Однако детская погруженность в стихию веры и церкви отнюдь не перешла непрерывно в позднейшее православное мировоззрение Булгакова. Будущий богослов и священник прошел период атеистического материализма и даже довольно длительный. Окончив духовное училище и уже приближаясь к окончанию духовной семинарии в Орле, Булгаков в 1888 году семинарию покинул. Принудительность и формализм семинарского религиозного уклада разрушали его веру, тяга к культуре не удовлетворялась, а главное – на него сильно уже воздействовали общеинтеллигентские воззрения той поры, непременной частью которых были позитивизм и материализм, идеал прогресса, идеи служения народу и противостояния власти. Вместо семинарии он оканчивает гимназию в Ельце, затем поступает на юридический факультет Московского университета и в 1894 году оканчивает его по кафедре политической экономии и статистики. Ближайшие годы Булгаков посвящает научным занятиям в этой области; по убеждениям он в данный период – марксист и социал-демократ. Эти убеждения были глубоки и серьезны; как он писал впоследствии: «…я старался верой и правдой служить марксизму». Даже много поздней он признавал за ранним периодом русского марксистского движения немаловажные достоинства. По его мнению, марксизм был для общественного сознания шагом вперед, выходом «из томительного удушья 80-х годов». Помимо того, в России он не только и не столько служил научной доктриной, сколько «утолял религиозную жажду абсолютного» по той немыслимой логике русских радикалов, алогизм которой афористически выразил Вл. Соловьев: «…человек произошел от обезьяны – и потому должен полагать душу свою за братьев своих»… И первые работы Булгакова – статьи, книга «О рынках при капиталистическом производстве» (1897) – были серьезным вкладом в марксистскую ученость, который замечен был и в Европе.
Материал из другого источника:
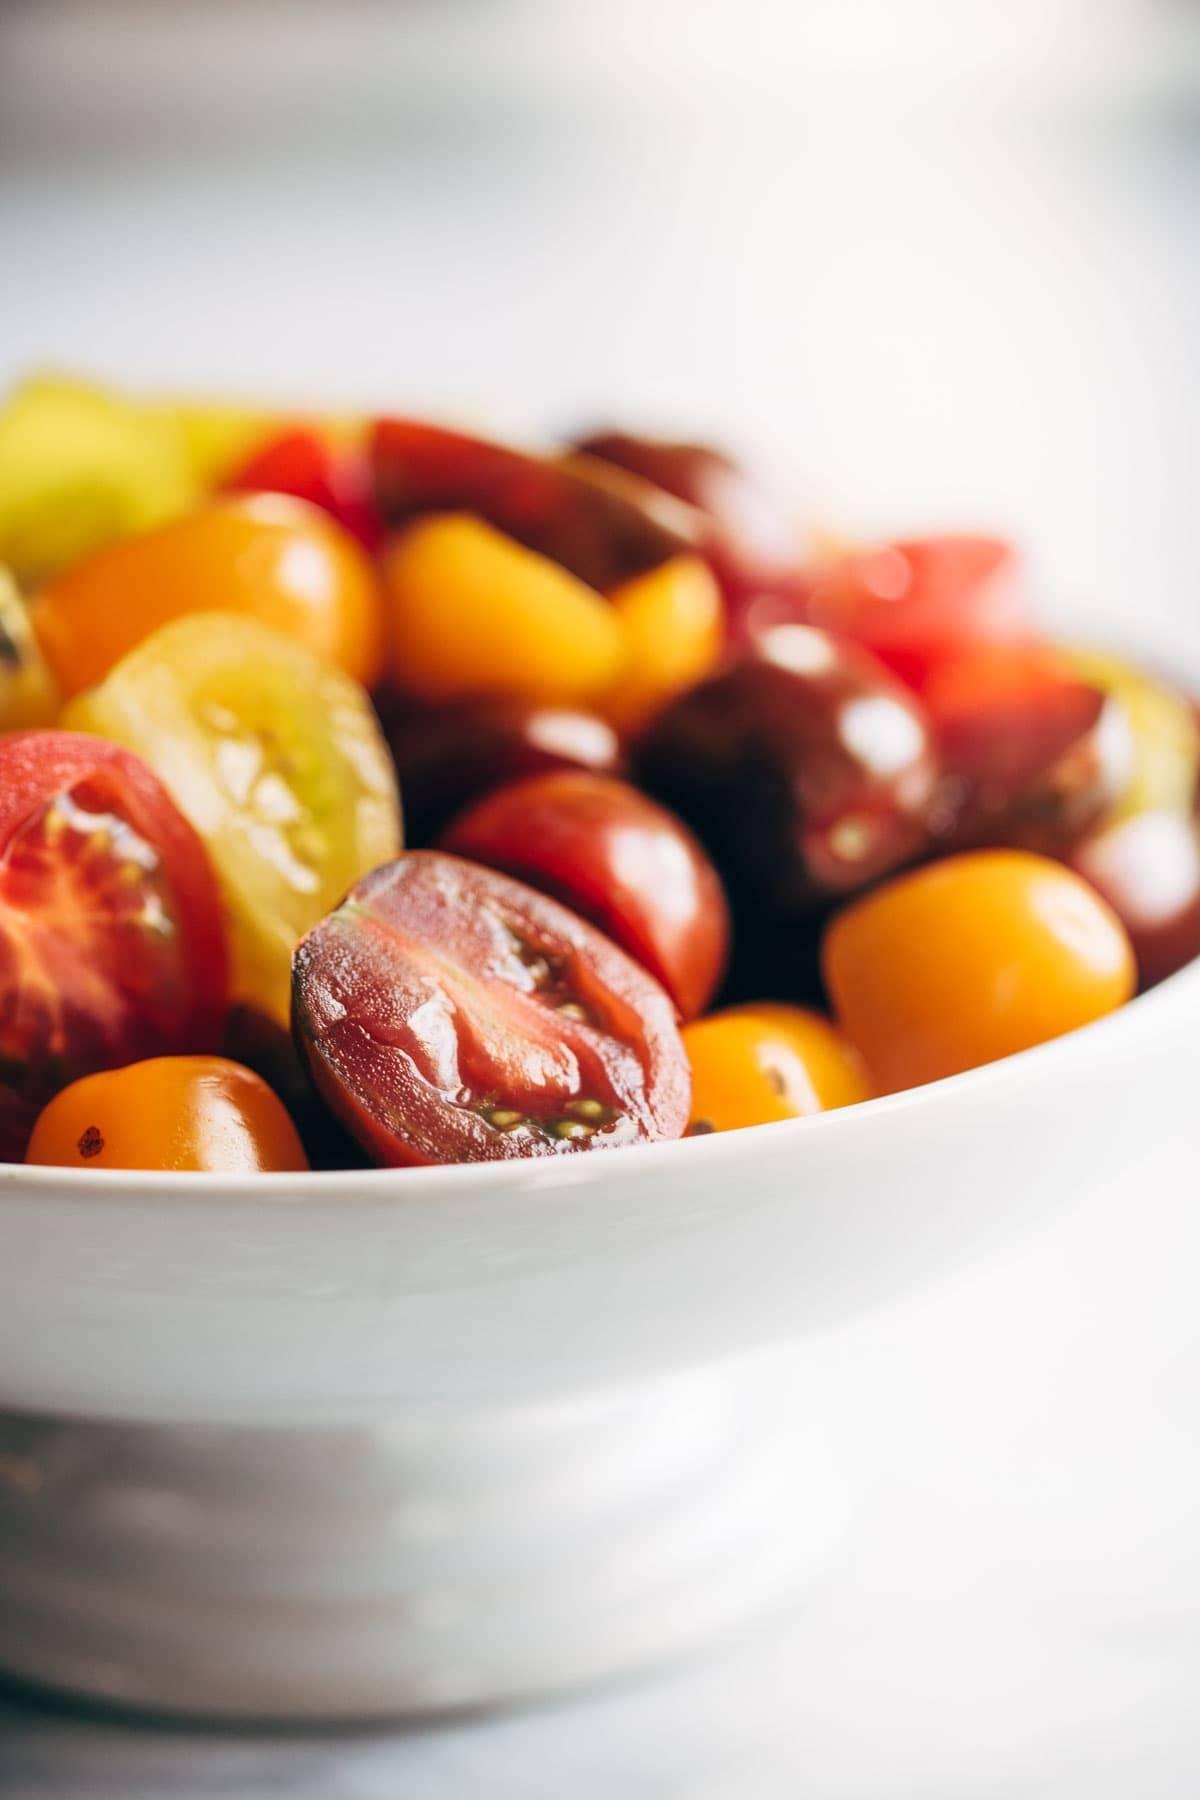 Tomatoes for Capellini Pomodoro | pinchofyum.com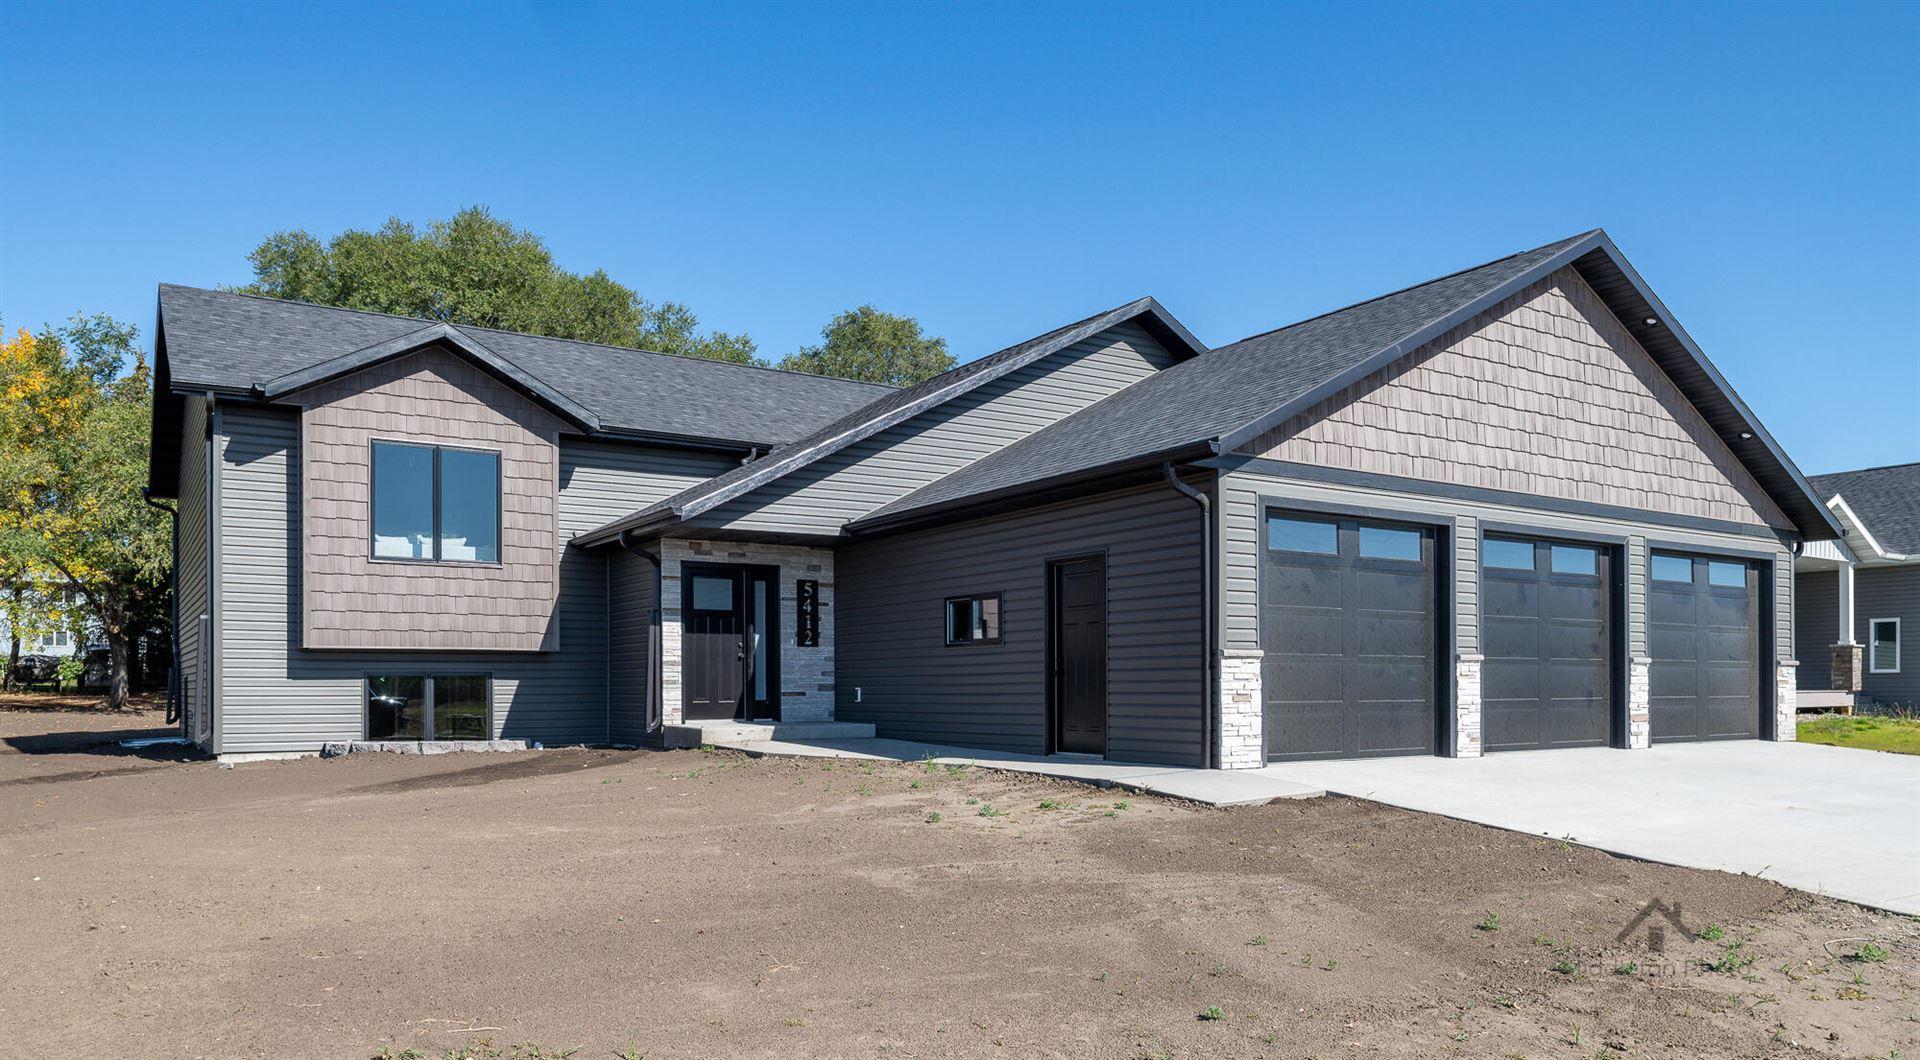 5412 Hendrickson Drive, Bismarck, ND 58503 - #: 412385

Отход от марксизма назревает у о. Сергия на рубеже двух веков. Существенно, что не религиозные искания были главным его мотивом. Та показательная для многих эволюция, которая прослеживается, точно резюмируется позднейшей формулой: от марксизма к идеализму и от него – к православной религиозности. И средний этап, «идеализм», здесь отнюдь не второстепенен; у иных он оказывался и последним, не получая религиозного заключения. Весьма заметен, весом этот период и у Булгакова. Для своего поворота он сам указывал два главных фактора. Во-первых, его марксистские позиции неожиданно оказались подорваны изнутри, в результате его собственных исследований. Трудясь над марксистским анализом аграрного вопроса, он обнаруживает в данной теме непреодолимые недостатки марксистского подхода: «Против воли и в борьбе с собой я вынужден был признать, что аграрная эволюция совершенно не имеет предполагаемого и желаемого мною характера… От здания, которое еще недавно казалось мне столь стройным и цельным, остались одни стены»[2]. Другой фактор – критика метода и философских оснований марксизма с позиций гносеологии Канта. На положительном же полюсе о. Сергия в те же годы начинают все более привлекать идеи и темы русской мысли, творчество Достоевского и Владимира Соловьева. В 1903 году выходит сборник статей Булгакова, отразивших и его сомнения, и его новые интересы. Автор нашел для него простое и в то же время крылатое название, которое, по слову биографа, «сделалось как бы поговоркой, характеризующей эпоху»: «От марксизма к идеализму».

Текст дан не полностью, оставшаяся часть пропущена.